All posts by Jared Murrell

The evolving role of operations in DevOps

Post Syndicated from Jared Murrell original https://github.blog/2020-12-03-the-evolving-role-of-operations-in-devops/

This is the third blog post in our series of DevOps fundamentals. For a quick intro on what DevOps is, check out part one; for a primer on automation in DevOps, visit part two.

As businesses reorganize for DevOps, the responsibilities of teams throughout the software lifecycle inevitably shift. Operations teams that traditionally measure themselves on uptime and stability—often working in silos separate from business and development teams—become collaborators with new stakeholders throughout the software lifecycle. Development and operations teams begin to work closely together to build and continually improve their delivery and management processes. In this blog post, we’ll share more on what these evolving roles and responsibilities look like for IT teams today, and how operations help drive consistency and success across the entire organization.

The Ops role in DevOps compared to traditional IT operations

To better understand how DevOps changes the responsibilities of operations teams, it will help to recap the traditional, pre-DevOps role of operations. Let’s take a look at a typical organization’s software lifecycle: before DevOps, developers package an application with documentation, and then ship it to a QA team. The QA teams install and test the application, and then hand off to production operations teams. The operations teams are then responsible for deploying and managing the software with little-to-no direct interaction with the development teams.

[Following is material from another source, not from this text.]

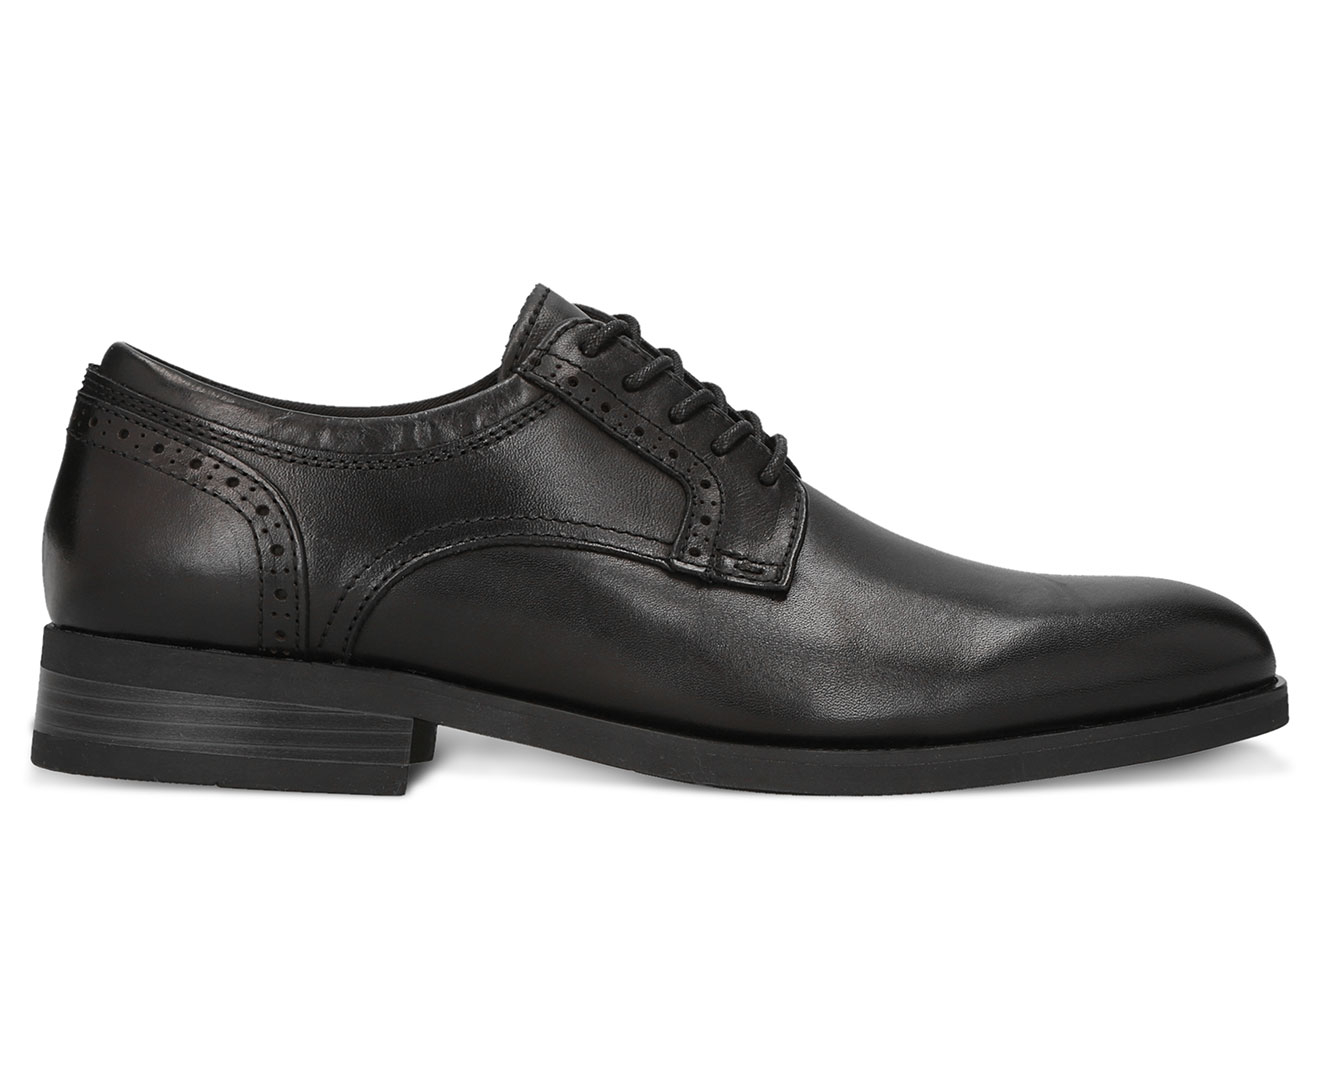 Mens Dress Shoe Black ALDO Men Shoes Flat Shoes Formal Shoes Sergei Size 7 
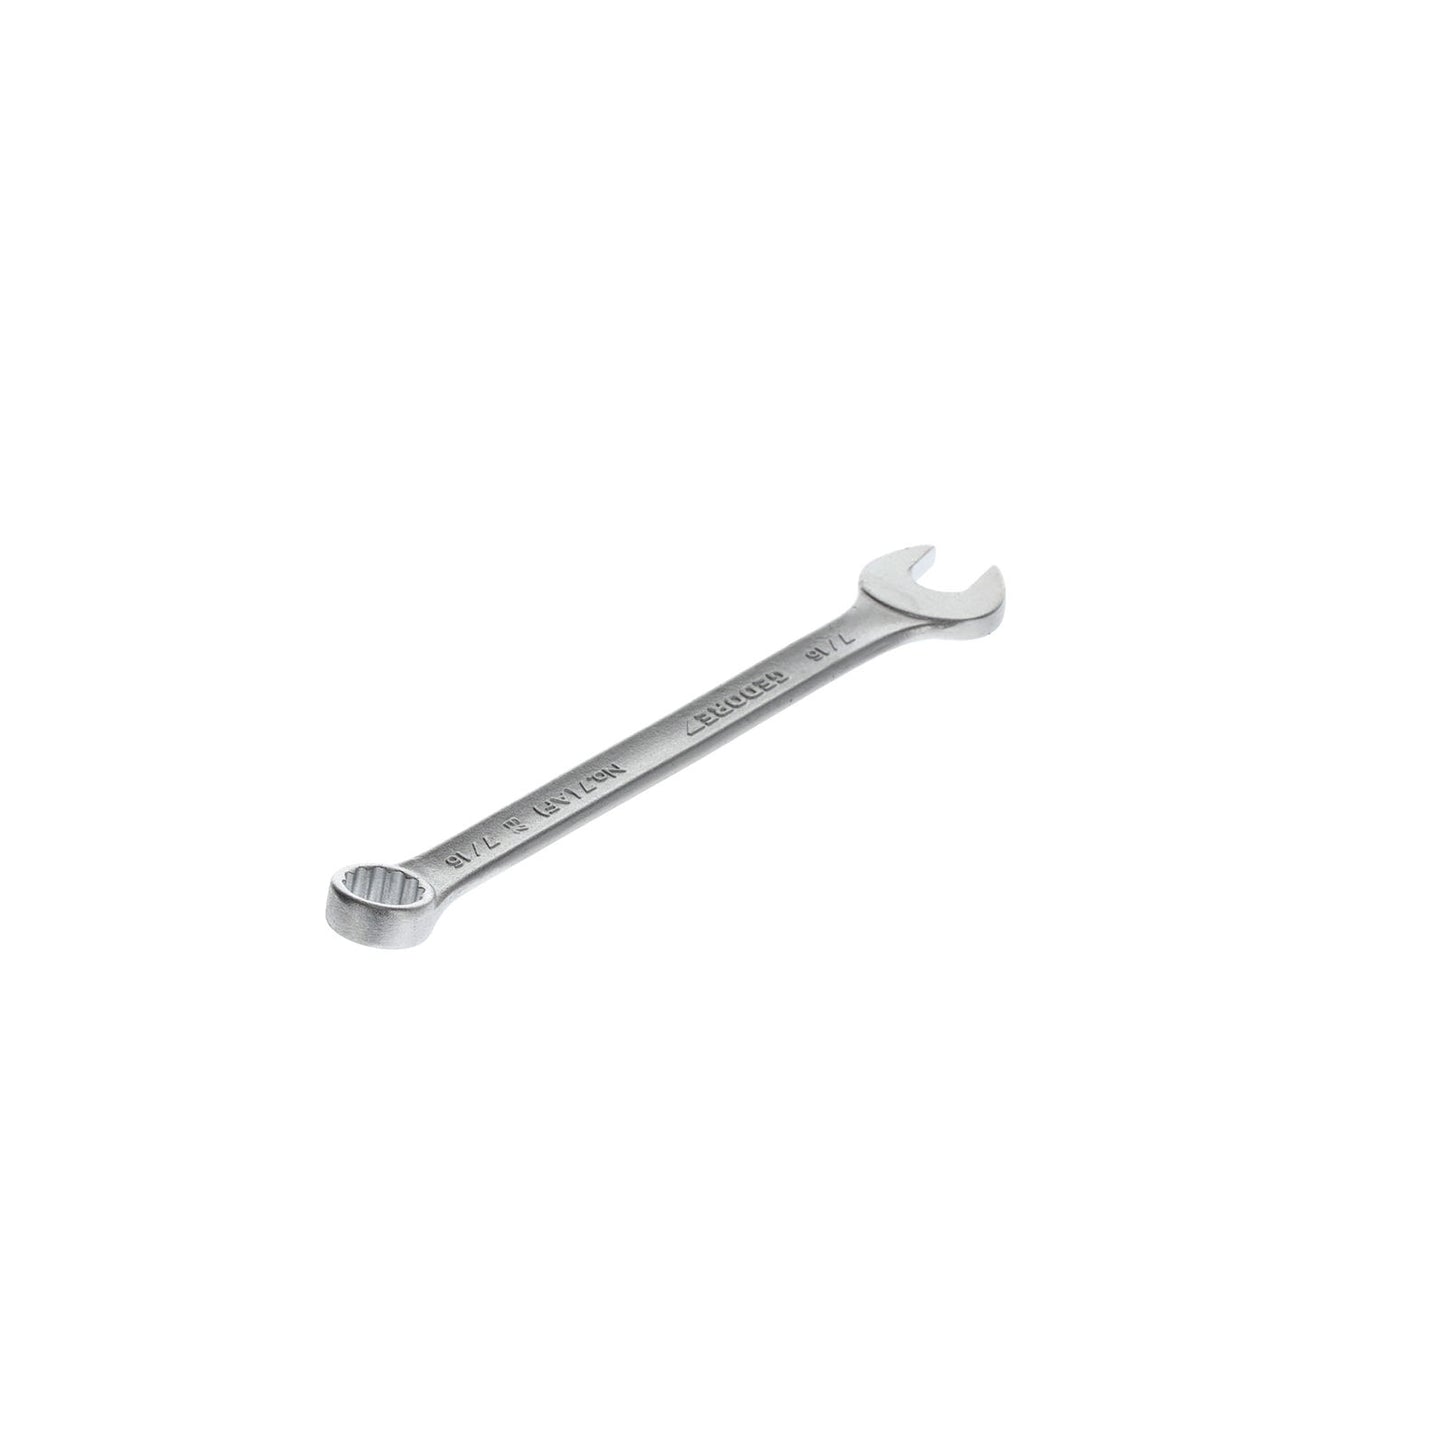 GEDORE 7 7/16AF - Combination Wrench, 7/16AF (6099270)

These dev-to-ops handoffs are typically one-way, often limited to a few scheduled times in an application’s release cycle. Once in production, the operations team is then responsible for managing the service’s stability and uptime, as well as the infrastructure that hosts the code. If there are bugs in the code, the virtual assembly line of dev-to-qa-to-prod is revisited with a patch, with each team waiting on the other for next steps. This model typically requires pre-existing infrastructure that needs to be maintained, and comes with significant overhead. While many businesses continue to remain competitive with this model, the faster, more collaborative way of bridging the gap between development and operations is finding wide adoption in the form of DevOps.

Accelerating through public cloud adoption

Over the past decade, the maturation of the public cloud has added complexity to the responsibilities of operations teams. The ability to rent stable, secure infrastructure by the minute and provide everything as a service to customers has enabled organizations to deploy rapidly and frequently, often several times per day. Smaller, faster delivery cycles give organizations the critical capability of improving their customer experience through rapid feedback and automated deployments. Cloud technologies have made development velocity a fundamental part of delivering a competitive customer experience.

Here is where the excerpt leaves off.